A ‘New Perspective’ on Paul
The Reformation perspective on Paul’s doctrine of justification largely dominated Protestant biblical scholarship in the following centuries. However, the last two hundred years of critical biblical studies of the apostle Paul’s writings have witnessed a number of attempts to revisit the Reformation consensus. Within the orbit of the academic study of Paul, two particular questions have frequently surfaced in evaluating the Reformation view.
First, is the doctrine of justification as central a theme in Paul’s understanding of the gospel as the Reformation perspective suggests, or should a different theme be identified as the dominant feature of Paul’s preaching?
And second, was Paul’s relationship with his ancestral religion, Judaism, as uniformly negative as traditional Protestant theology supposed?
Each of these questions has profound implications for determining whether the Reformation perspective represents an accurate interpretation of Paul’s understanding of the gospel. . . .
While the new perspective encompasses a wide variety of viewpoints, there are especially three claims that recur throughout a great deal of the literature on the subject.

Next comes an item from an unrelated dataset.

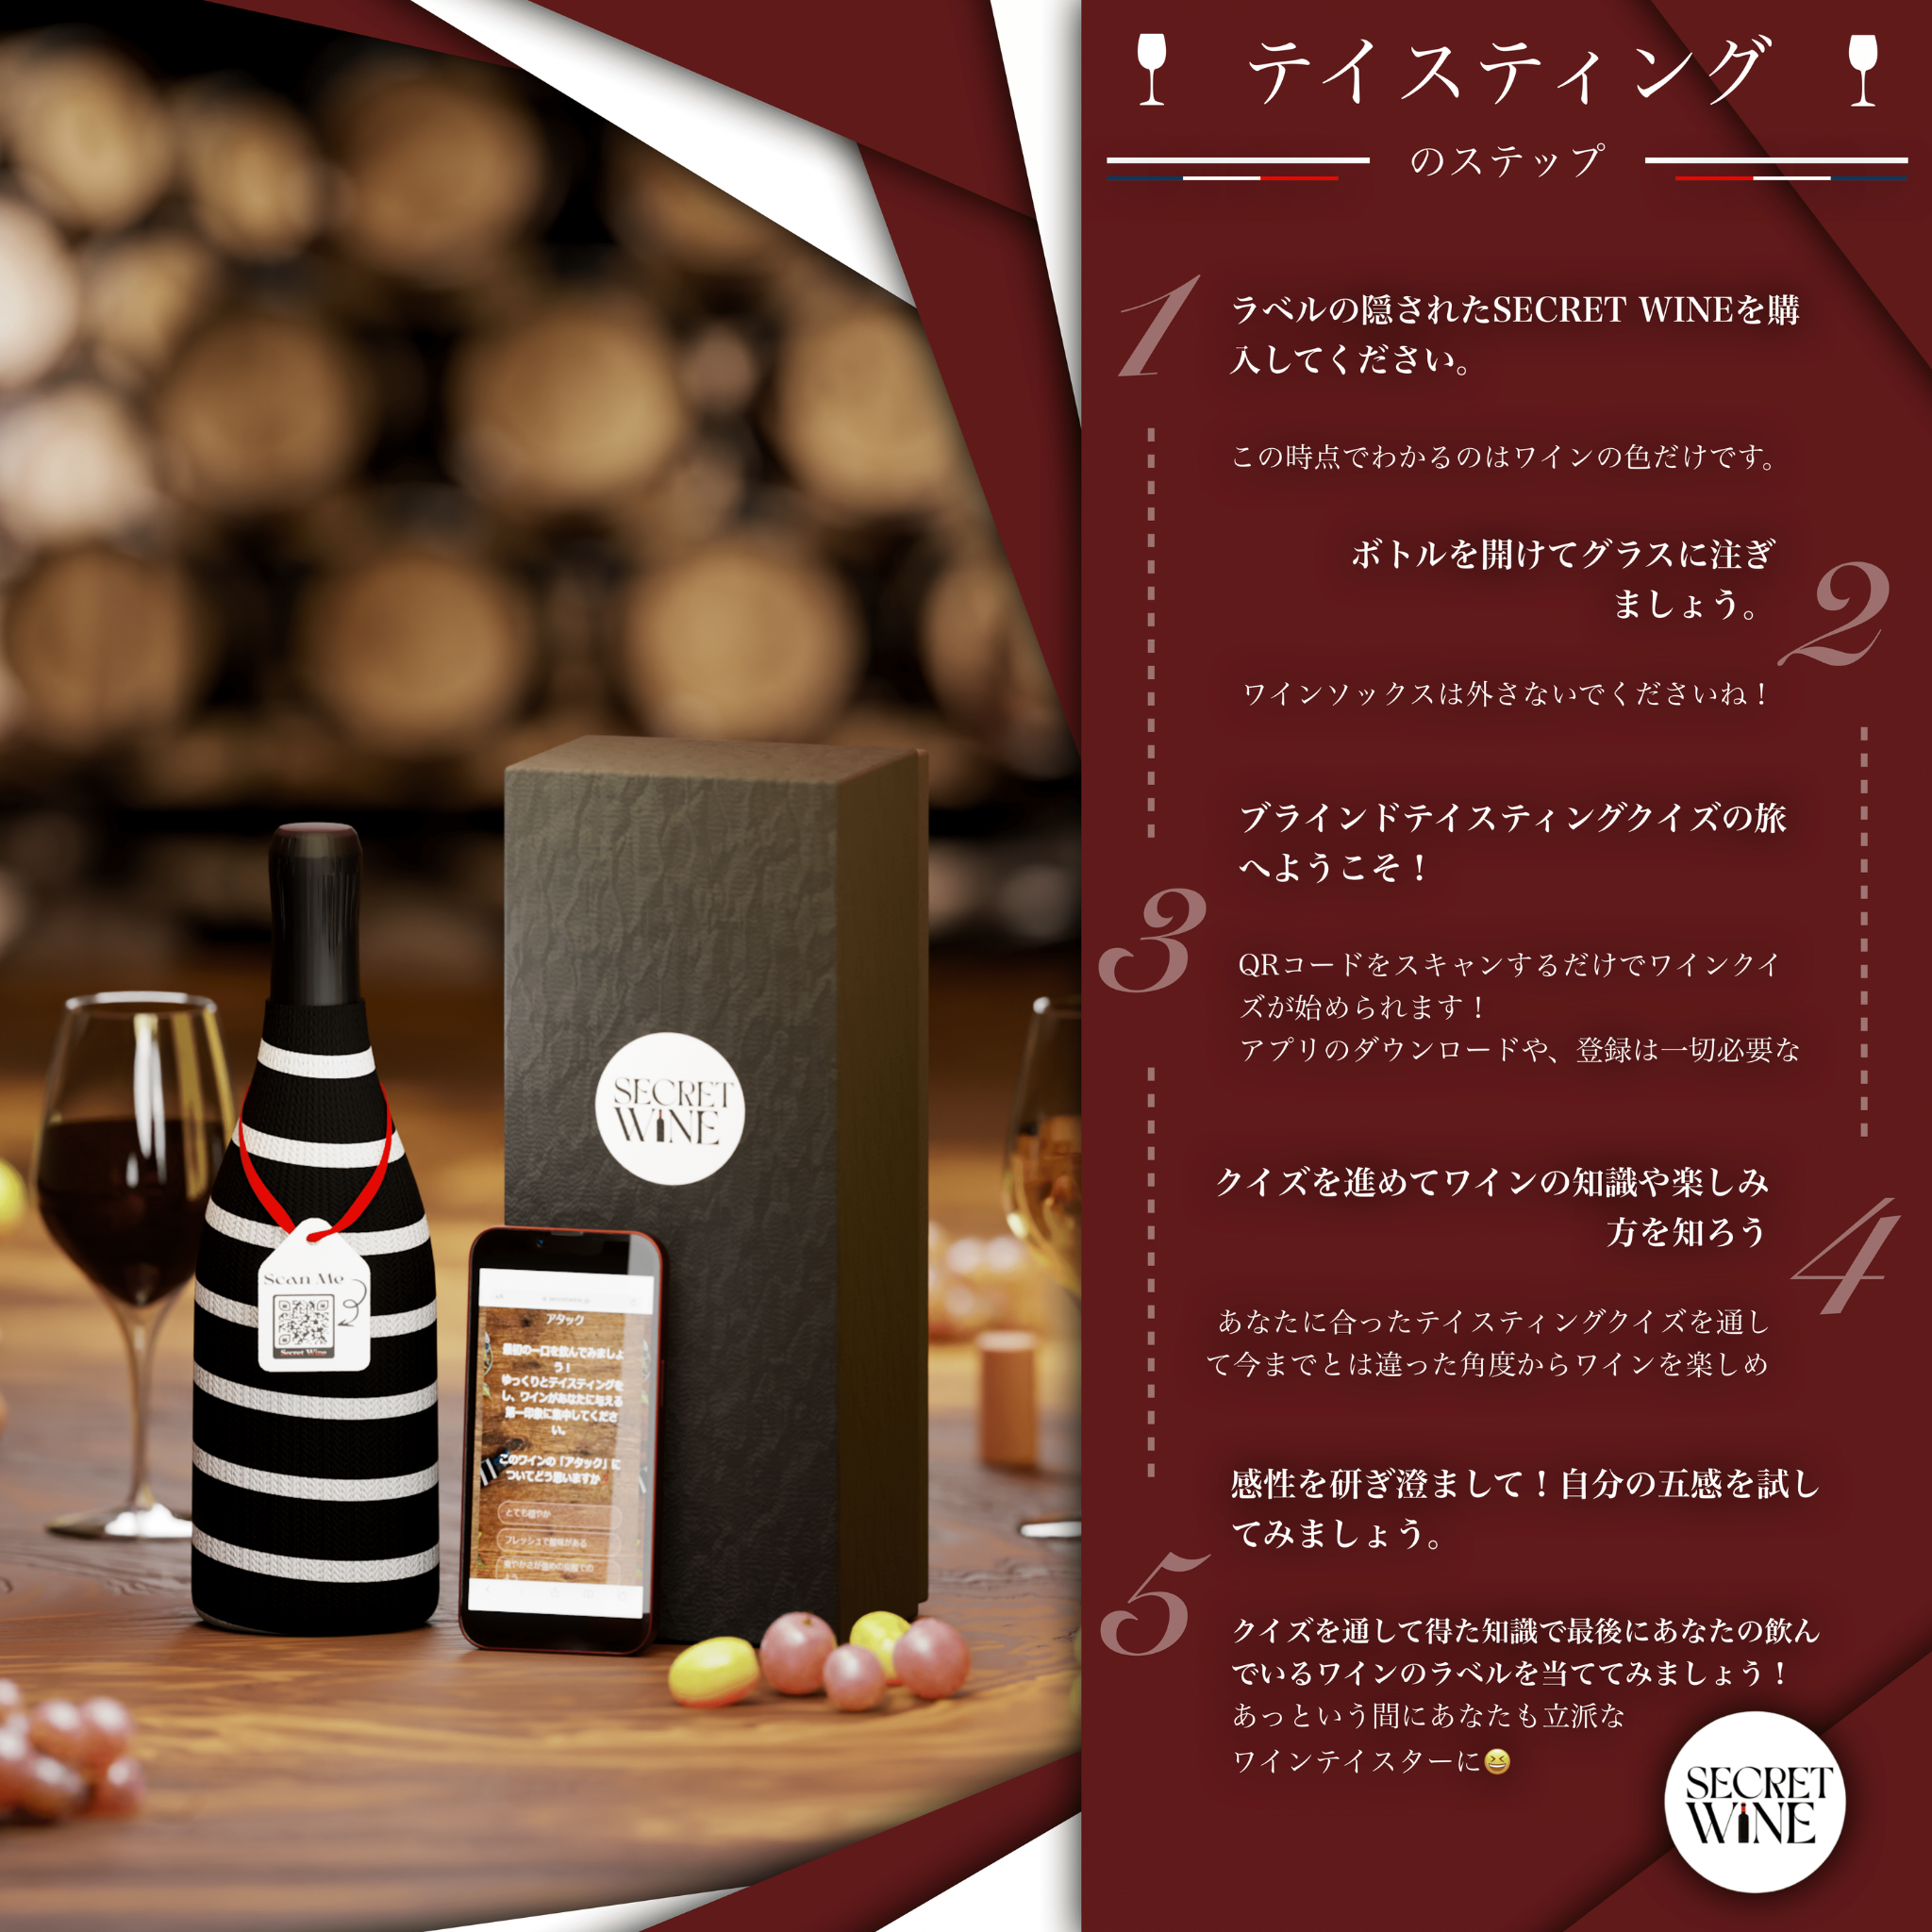 ブラインドワインテイスティングキット - Secret Wine 🍷

The first claim is that the Reformation view of justification was built upon the foundation of a false picture of Judaism at the time of the writing of Paul’s epistles.
The second claim is that the Reformation view of justification improperly identified the problem to which Paul’s doctrine of Justification was addressed, when it took his language about the ‘works of the law’ to refer to a kind of legalistic righteousness.
The third claim is that the language of ‘justification’ in Paul’s epistles does not primarily refer to the way guilty sinners find acceptance with God, but to the identification of who belongs to the covenant people of God.
In our treatment of these claims, we will illustrate how each of these themes has been advanced in the writings of three important architects of the new perspective on Paul.
A New View of Second-Temple Judaism: E. P. Sanders
Even though the new perspective has roots in Pauline studies that go back at least two centuries, the more immediate beginning of the story of this perspective starts with the influential work of E. P. Sanders.
In 1977, Sanders published a volume, Paul and Palestinian Judaism. This is now generally regarded as a classic presentation of the view of Second-Temple Judaism which is basic to the new perspective. . . .
In the first part of his study, Sanders provides a comprehensive survey of Jewish literature during the two centuries before and after the coming of Christ. On the basis of this survey, Sanders maintains that Second-Temple Judaism exhibits a pattern of religion best described as ‘covenantal nomism’. . . .
Whereas the traditional Protestant view claimed that Palestinian Judaism was legalistic, Sanders appeals to evidence in Jewish writings of the Second-Temple period to support the view that it was fundamentally a religion of grace. . . .
One of the immediate questions raised by Sanders’ new view of Judaism is: What explains the apostle Paul’s opposition to Judaism? If Judaism was not a legalistic religion, what are we to make of Paul’s vigorous arguments against claims to find favour with God on the basis of works? Is Paul combatting a kind of ’straw man’ in his letters (especially in Romans and Galatians), when he combats a righteousness that is by the ‘works of the law’? . . .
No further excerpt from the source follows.